Almost immediately, students felt that they better understood the authors whose works they read. While students sometimes skip the biographical notes in their anthologies, during their Postcard Project, they worked to inhabit the author’s world by walking the same streets, visiting the same places, sitting at the same table. One student opted to walk three miles each way between the rail station at Alton, Hampshire, and Jane Austen’s residence at Chawton. For her, the walk provided a more intimate sense of Austen’s landscape and the pace of her time. A student visiting Grasmere was moved by the beauty of the Lake District: ‘Taking a glance at the surrounding mountains near Dove Cottage’, she wrote, ‘I can imagine Wordsworth using that view as inspiration’. Expressions like these were common. Walking where authors or characters had walked made the connection between intellectual and visual perspectives, between literary setting and physical terrain.
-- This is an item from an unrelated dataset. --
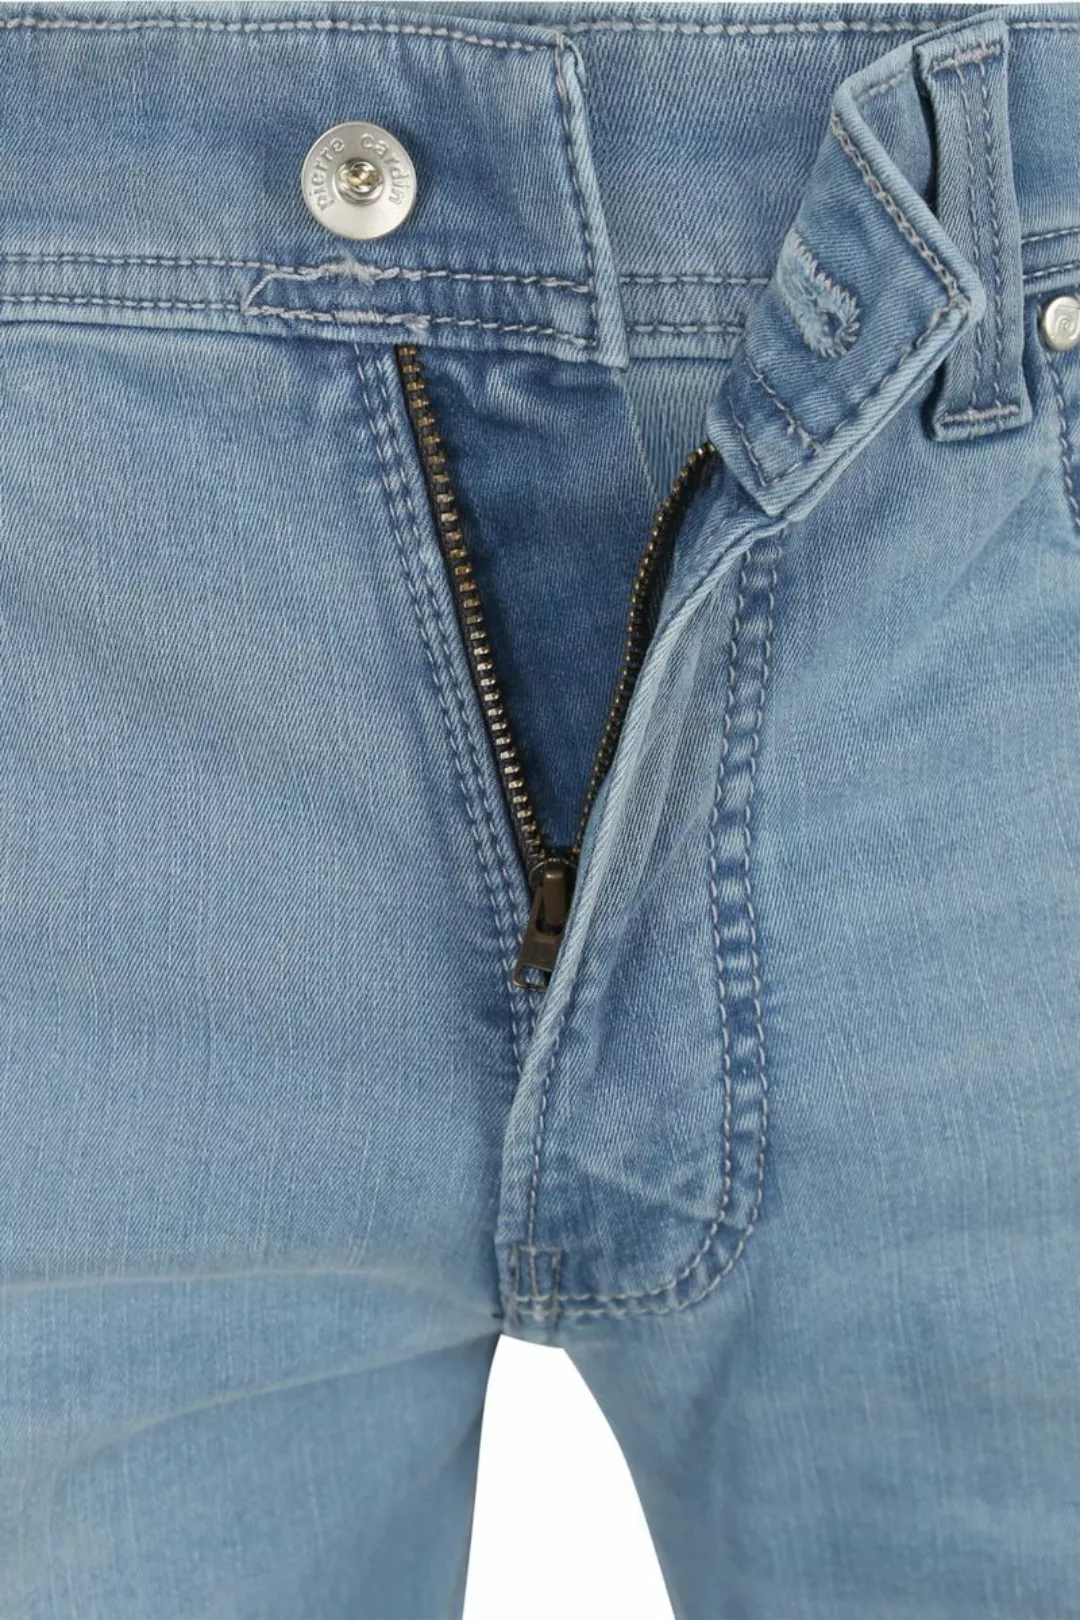 Pierre Cardin Jeans Lyon Tapered Future Flex Hellblau  - Größe W 35 - L 32 günstig online kaufen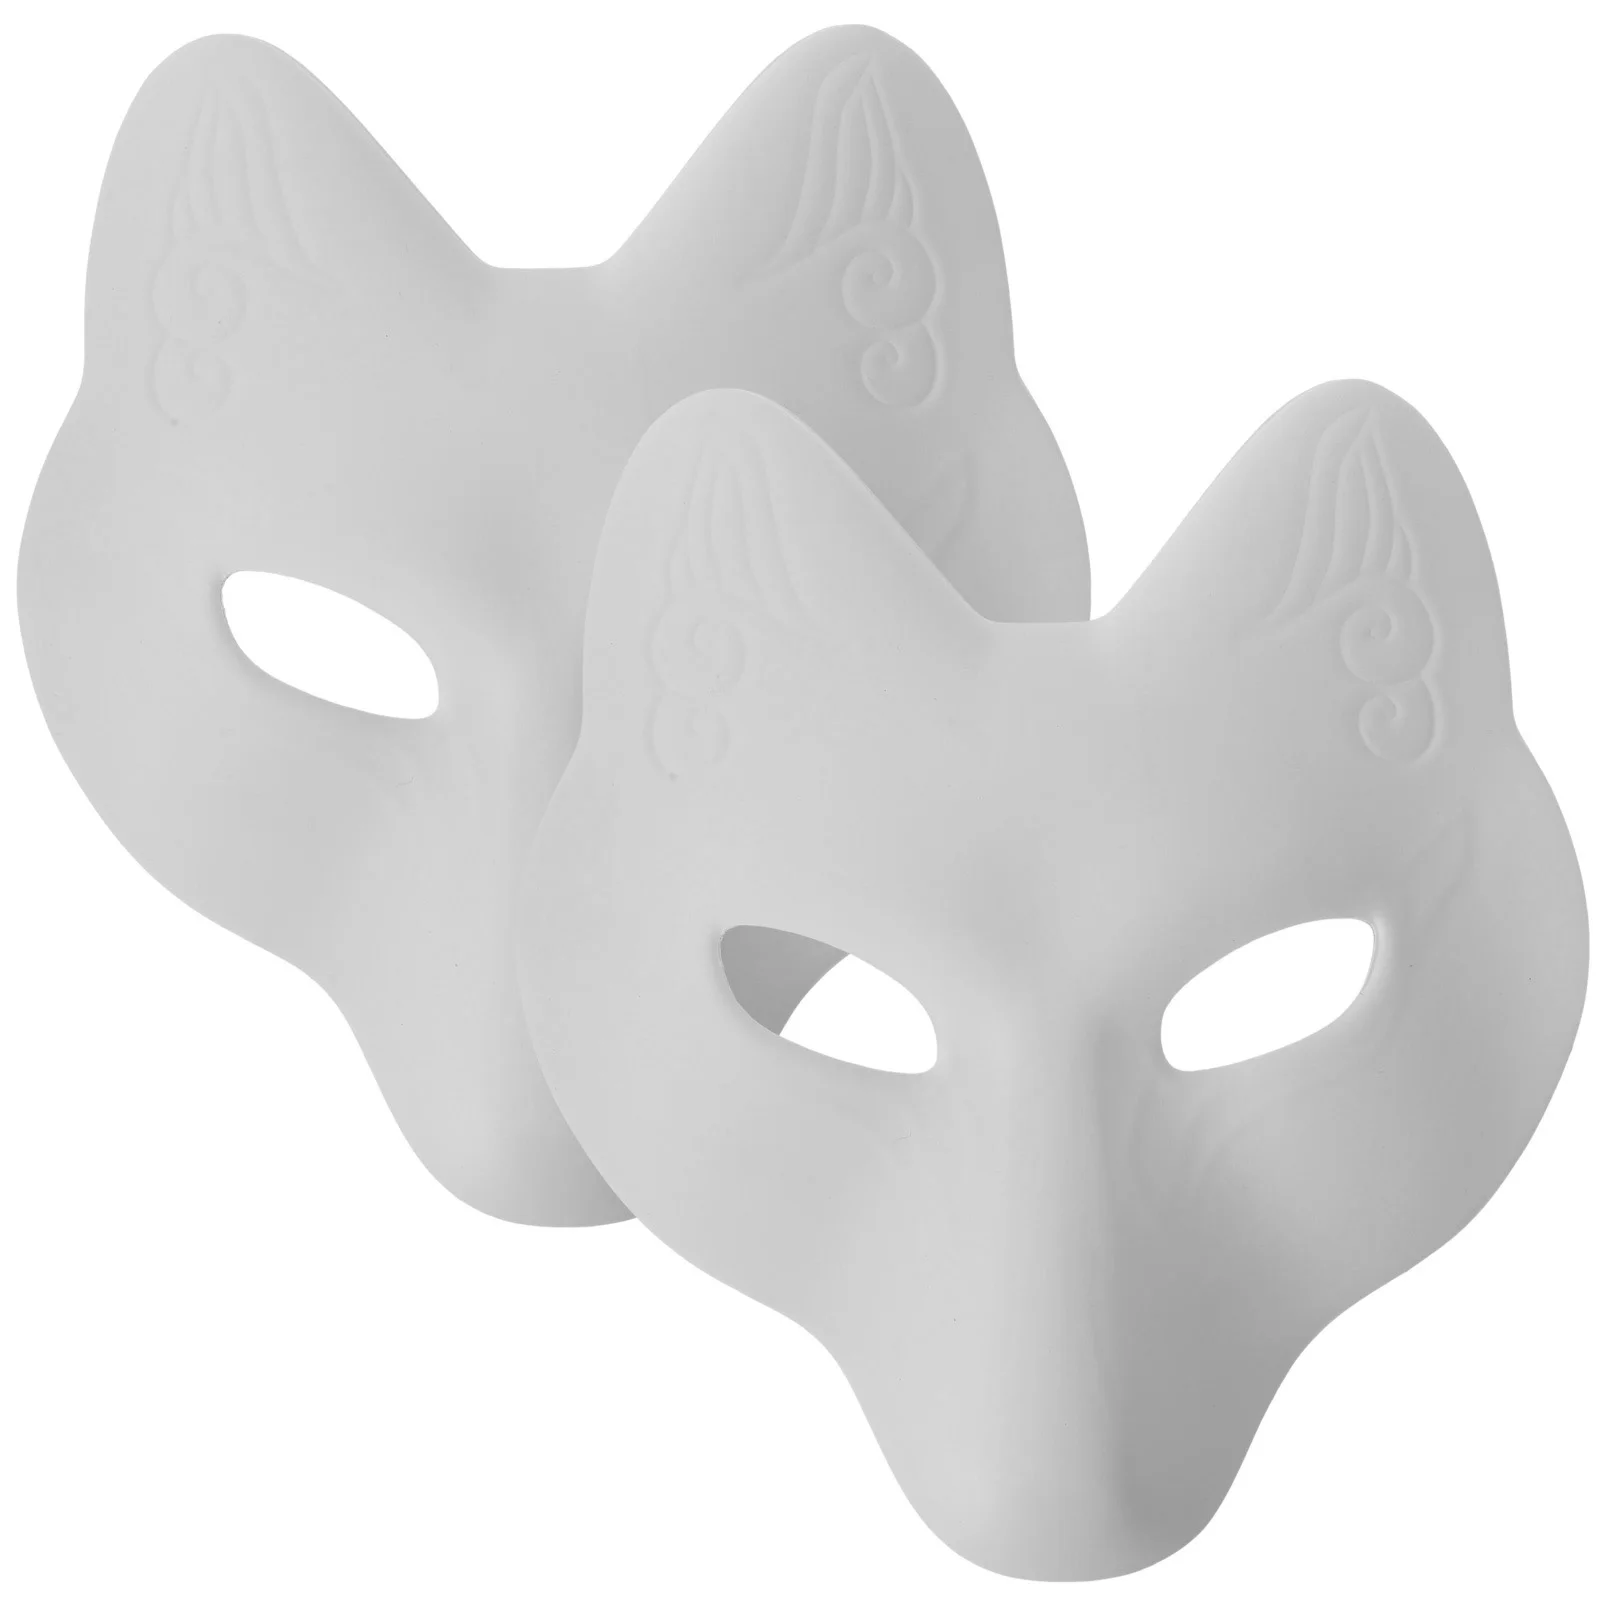 

Маска, маски, лиса, маскарадный костюм на Хэллоуин, косплей, пустая кошка, сделай сам, белые животные, глаза волка, териан, искусственное лицо, половина бумаги, японская

Students also began to consider the authors as people like themselves engaged in the process of writing. Often, students looked for the familiar in authors’ lives. A student at Newstead Abbey, Byron’s ancestral home, was attracted to Byron’s affection for his dog, while the student visiting Percy Shelley’s monument at Oxford was struck by his youth, noting that ‘he was just a few years older than me when he wrote “Ode to the West Wind”’. The same student was ‘inspired…to be more intentional about my own writing’. A student viewing Mary Shelley’s draft of Frankenstein at the Bodleian, took heart from ‘a single page that was crossed over with scratches in revision’. ‘Seeing her imperfections’, the student wrote, ‘reassured me that in the imperfections something great can be created’. In nearly every case, this awakened sense of the author as ‘real’ and ‘like me’ led to a closer attention to the act of writing, both the author’s and the student’s own.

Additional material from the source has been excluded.